[[ SUPPLIED MATERIAL open ]]

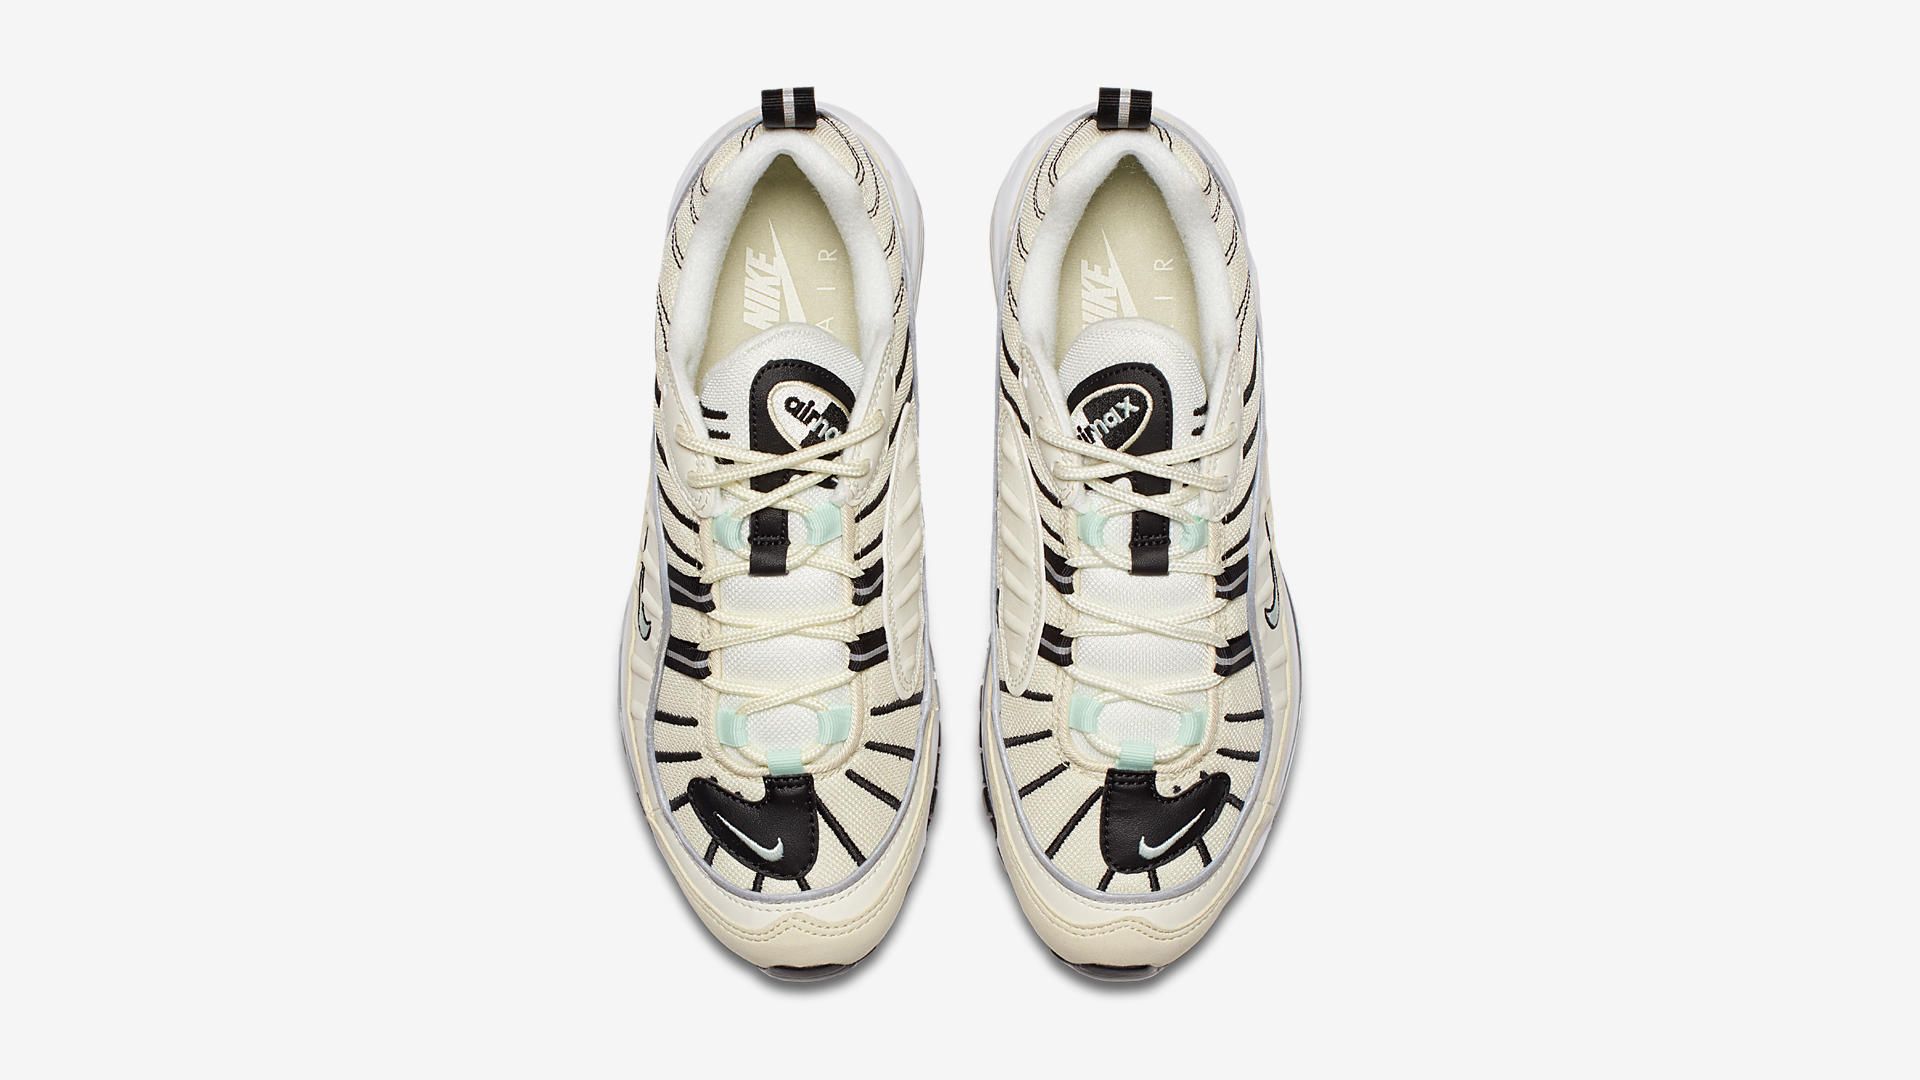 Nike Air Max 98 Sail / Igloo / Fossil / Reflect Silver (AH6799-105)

[[ SUPPLIED MATERIAL closed ]]
[[ SUPPLIED MATERIAL open ]]

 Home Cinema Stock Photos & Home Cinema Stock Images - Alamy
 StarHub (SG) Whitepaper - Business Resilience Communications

[[ SUPPLIED MATERIAL closed ]]
[[ SUPPLIED MATERIAL open ]]

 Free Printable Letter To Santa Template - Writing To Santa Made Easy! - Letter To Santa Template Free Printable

[[ SUPPLIED MATERIAL closed ]]

▶ _WHAT THE TASK ASKS_:
From the records above, extract exactly and only the lines that begin at the line with "Home Cinema Stock Photos" and stop after the line with "StarHub (SG) Whitepaper".

▶ _ANSWER_:
 Home Cinema Stock Photos & Home Cinema Stock Images - Alamy
 StarHub (SG) Whitepaper - Business Resilience Communications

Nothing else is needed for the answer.